Need to check why this test is flaky (too few iterations?)

@kcc Any sources of non-determinism you suspect? 10^6 iterations already take ~20 seconds, would be hesitant to bump it more.

Also it consistently finds the issue if (even empty) corpus is supplied. That's expected due to the limit of corpus data which would be stored in RAM?

This revision was automatically updated to reflect the committed changes.
kcc added a comment.Jun 27 2018, 5:52 PM

Any sources of non-determinism you suspect?

RNG is expected to provide the same values, but if e.g. the code is compiled slightly differently because
the system headers are different, then the coverage feedback will be different and hence the RNG will be called in different order.

This is very strange.
I've just ran the test manually for a few times with different seeds and it always finds the bug quickly.

clang -g -std=c++11 -fsanitize=address,fuzzer ~/llvm/projects/compiler-rt/test/fuzzer/ShrinkControlFlowSimpleTest.cpp
./a.out -exit_on_item=0eb8e4ed029b774d80f2b66408203801cb982a60 -runs=1000000 -jobs=100
kcc added a comment.Jun 27 2018, 5:54 PM

also:

>> 10^6 iterations already take ~20 seconds, would be hesitant to bump it more.

what?

for me this test completes in < 1 second even if I let it execute 10^6 iterations.

@kcc

I've just ran the test manually for a few times with different seeds and it always finds the bug quickly.

That's the simple one, the problematic one for me is ShrinkControlFlowTest.

@kcc Are you saying the behavior should be the same whether or not the (empty) coverage dir is used?

@kcc

for me this test completes in < 1 second even if I let it execute 10^6 iterations.

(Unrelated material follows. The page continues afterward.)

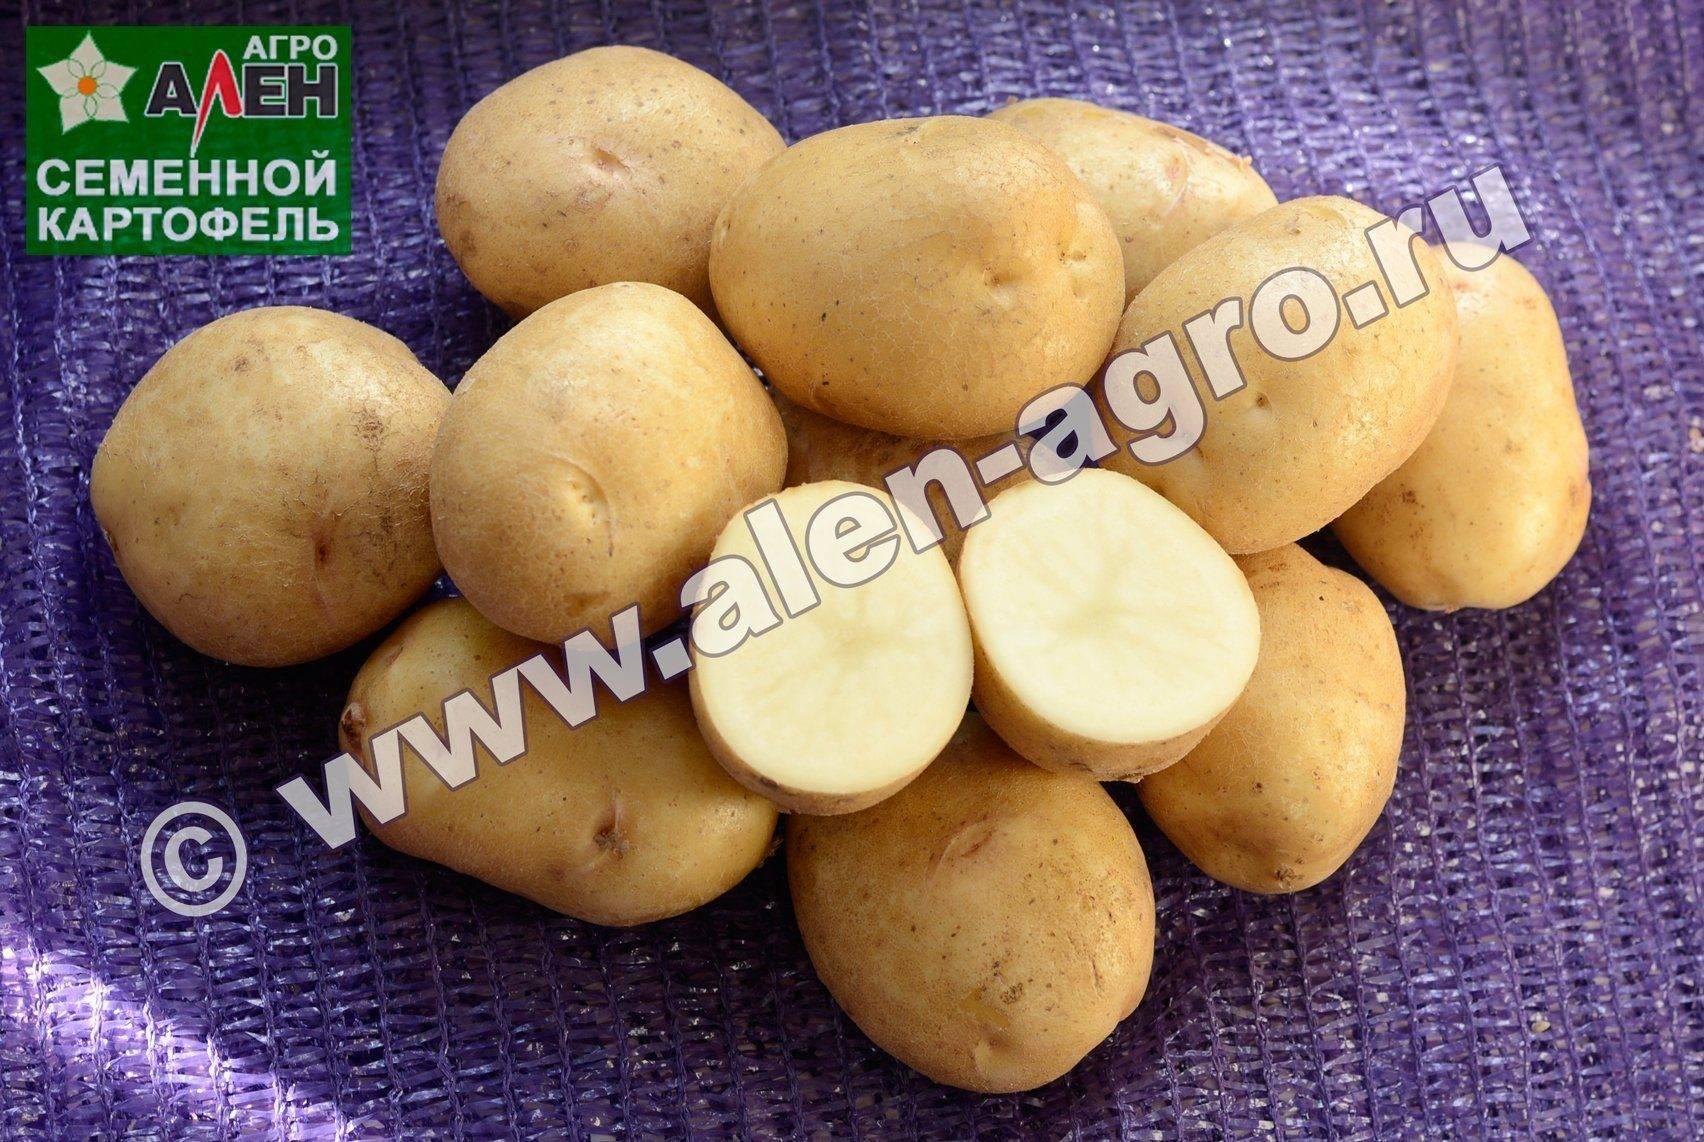 шоу были фото битвы картофеля невский она небольшой

For me it runs in 1 second on my machine, in 12 seconds on the bot in question. Weird.

kcc added a comment.Jun 27 2018, 6:03 PM

same with ShrinkControlFlowTest. I've run it 10000 times.

Are you saying the behavior should be the same whether or not the (empty) coverage dir is used?

Hm... I would expect so...
But I don't think we provide any kind of hard guarantee for that.

For me it runs in 1 second on my machine, in 12 seconds on the bot in question. Weird.

The bot might be hugely overloaded, which in turn could be causing the troubles with the SIGUSR tests.

@kcc @morehouse
OK seems I have figured out the issue, the bot was running an earlier branch of LLVM, which did not have the OPT_FOR_FUZZING LLVM attribute,
which allowed efficient fuzzing under -O2. Seems like most problems went from there.

Does the bot config also explain the SIGUSR test flakiness?

@morehouse Probably, though test is still inherently flaky.